Kemudian pada generasi selanjutnya setelah syi’ah berkembang, mereka terpecah juga kepada beberapa golongan, sebut saja syi’ah Zaidiyah, Imamiyah, Rafidlah, dll. yang secara keyakinan mereka semua berbeda dengan kaum ahlu al-Sunnah dalam memandang ahlu al-bait terutama dalam memuliakan sosok sahabat Ali bin Abi Thalib.
Merekapun semakin berulah menjadi-jadi, bahkan pada era akhir abad ke-2 Kaum Syi’ah Rafidlah adalah sekelompok yang terkenal paling banyak berdusta.

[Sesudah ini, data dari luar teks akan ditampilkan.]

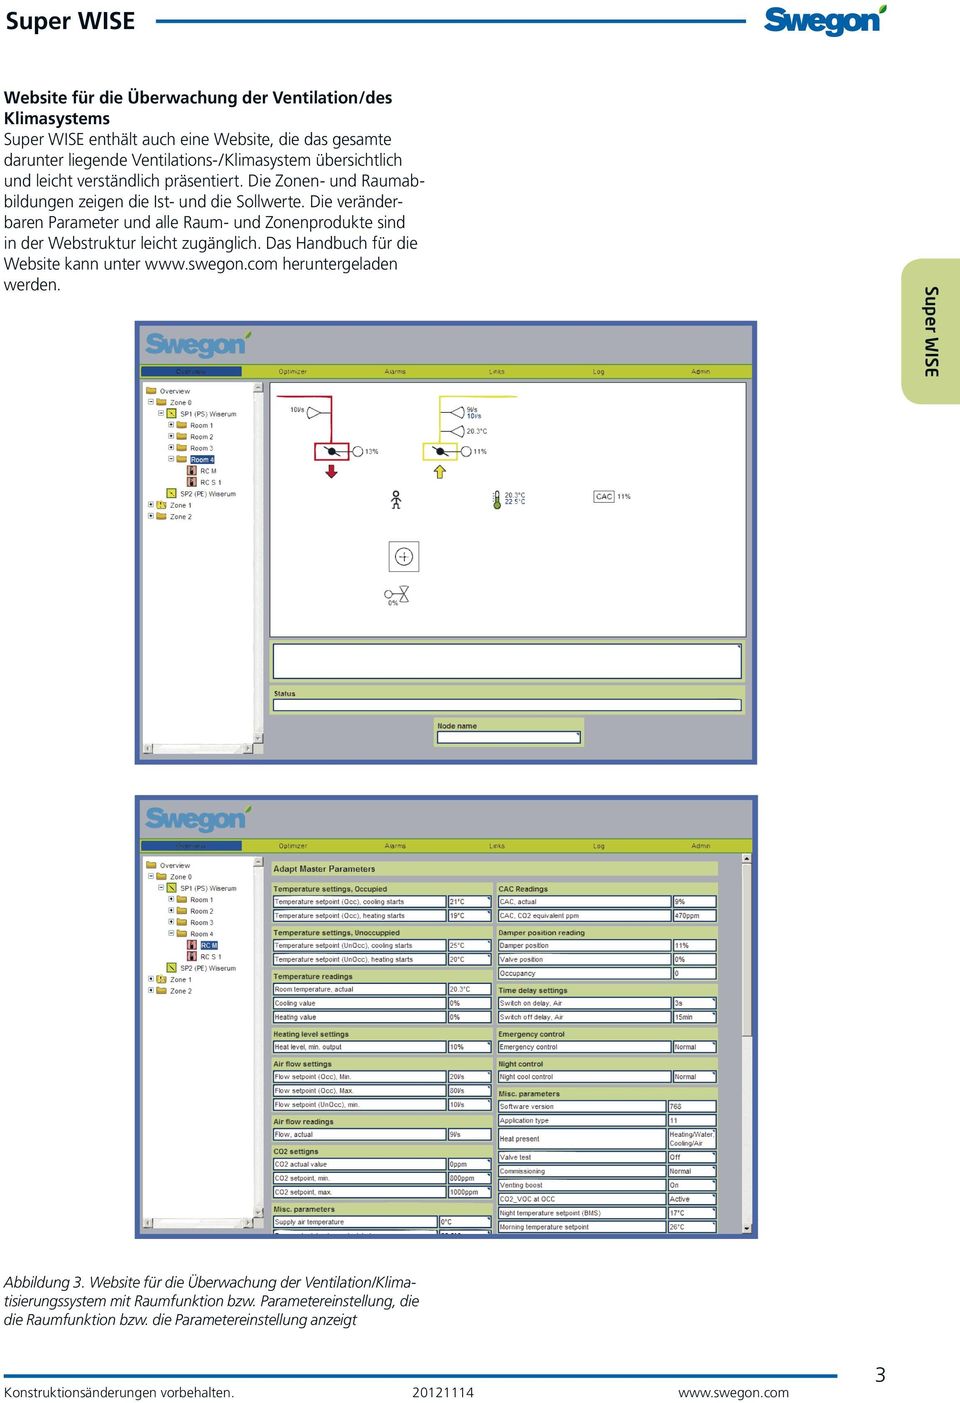 Die veränderbaren Parameter und alle Raum- und Zonenprodukte sind in der Webstruktur leicht zugänglich. Das Handbuch für die Website kann unter www.swegon.

Contoh hadits palsu yang di buat oleh mereka adalah bahwa Nabi saw dalam perjalanan pulangnya dari haji wada’ mengumpulkan para sahabat di tempat yang disebut Ghadir Khum lalu memegang tangan Ali dan berdiri bersama Ali itu di depan para sahabat dengan disaksikan mereka semua, dan Nabi saw bersabda “Inilah (Ali) penerima wasiatku dan saudaraku serta khalifah sesudahku, maka dengarlah dan taatilah”. Kaum ahlu al-Sunnah memandang bahwa hadits tersebut jelas palsu.
Disebutkan Oleh Ibnu Taimiyah bahwa Suatu ketika Imam Malik pernah ditanya tentang Syi’ah Rafidlah, jawab beliau “Jangan ajak mereka bicara, dan jangan mengambil riwayat dari mereka, karena mereka itu bohong semua.“
Begitulah, kaum syi’ah Rafidlah telah berbuat berlebihan dalam memalsukan hadits menurut kepentingan dan hawa nafsu mereka. Melihat banyaknya pemalsuan hadits itu sampai-sampai Khalil berkata dalam kitabnya al-Irsyad, “Berkenaan dengan keunggulan Ali dan anggota rumah tangganya kaum syi’ah Rafidlah telah memalsukan sekitar tiga ratus ribu hadits” (Al-Siba’i, 1991).